Как ни удивительно, пёстрая оболочка сохранила всю мягкость и гибкость, разве что укоротилась ненамного.
— Пожалуй, я это надвое разрежу. Одну часть тебе, другую себе оставлю для сходных надобностей, — проговорила женщина. — Как думаешь? Велико ведь для одной косы.
Сорди кивнул, соглашаясь. Как ни удивительно, печальное происхождение кожи не то чтобы забылось умом, но не затрагивало души так сильно, как день назад, тем более что голова исчезла. И даже добавил:
— Ты говорила о втором печном канале. Если это еще над дымом повесить? Так делают?
— Отчего же нет, если ненадолго. Прочнее выйдет и наряднее.

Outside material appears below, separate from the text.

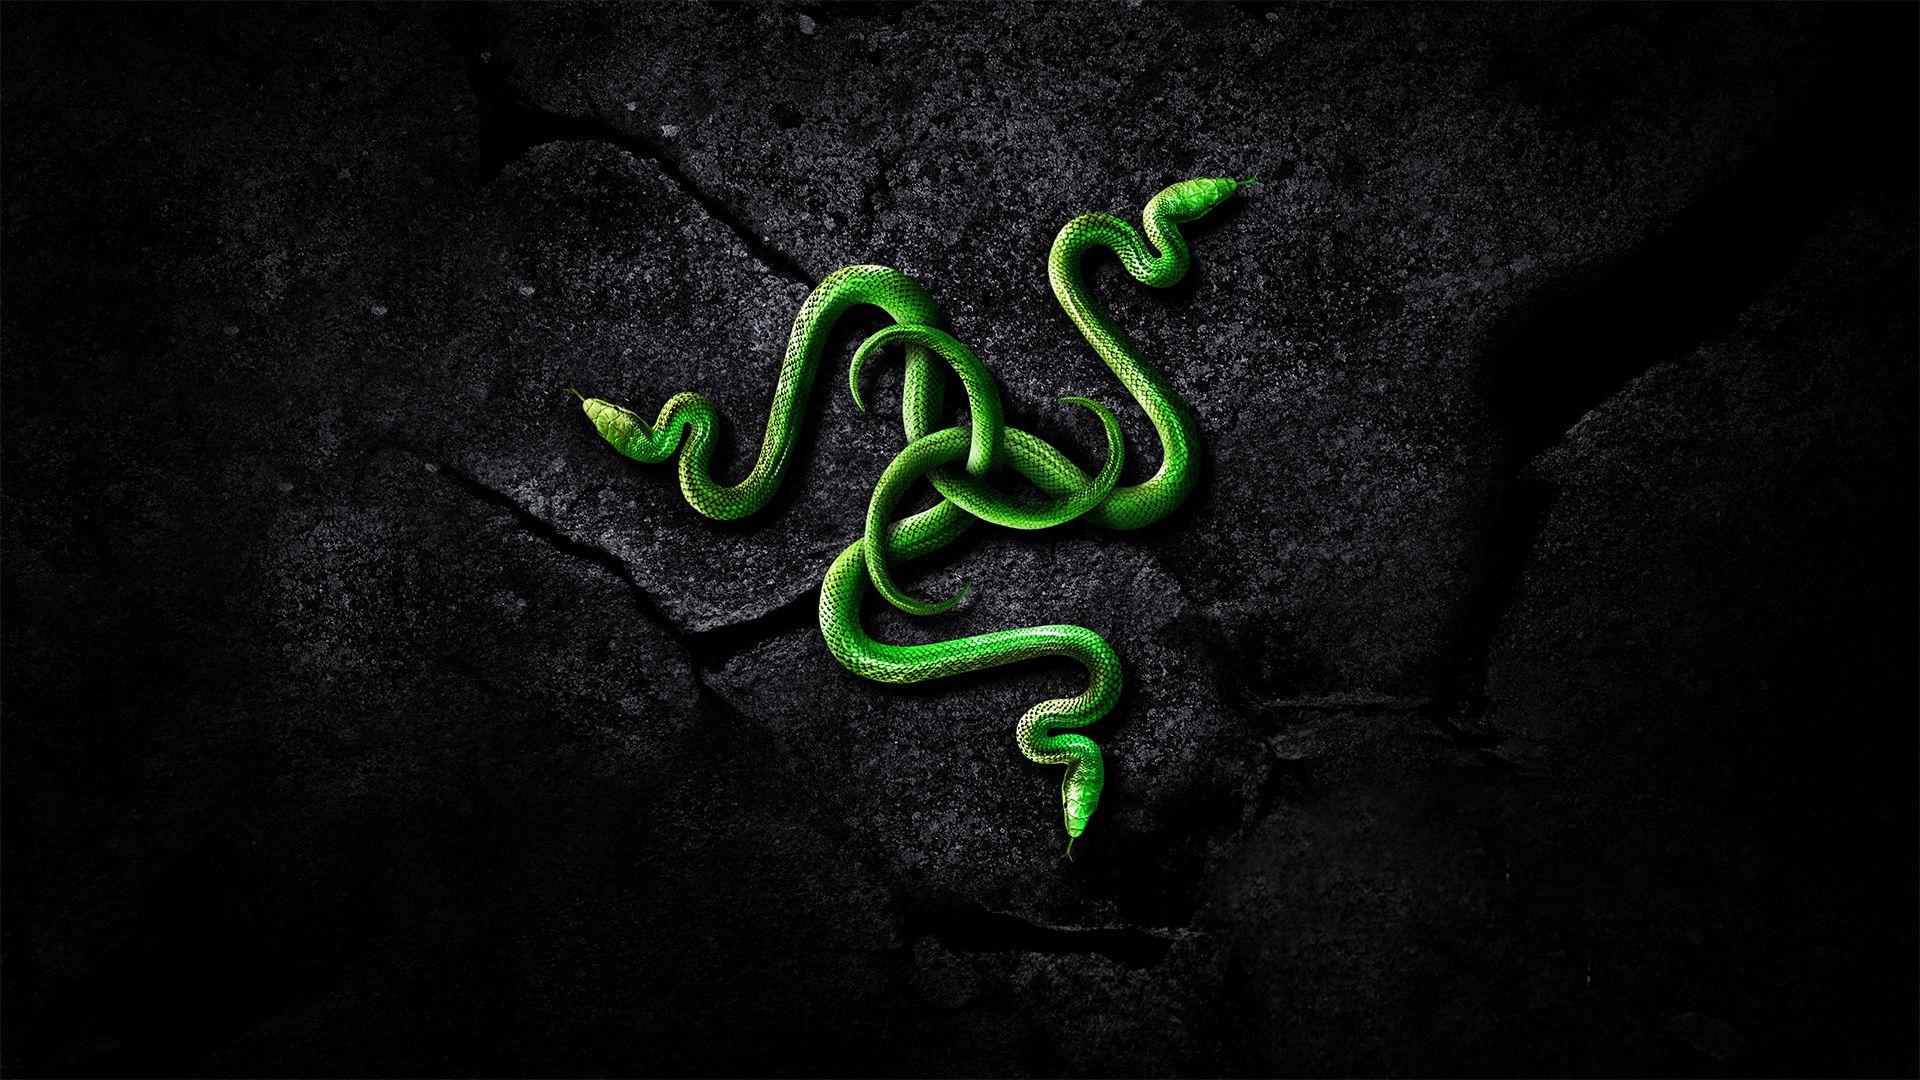 Razer Logo And Snake Wallpaper Обои для рабочего стола

Это Кардинена проделала сама — каким-то хитрым манером подвесив кожу внутри на крючок с помощью осинового шеста и тем же шестом подвинув вьюшку слегка в сторону.
Потом оба поели каши, вымылись поочередно в огромной буковой лохани, которую стащили с чердака, заодно полюбовавшись на трубу и башенку изнутри, и голыми закутались в чистую ветошь, что Карди извлекла из сундука.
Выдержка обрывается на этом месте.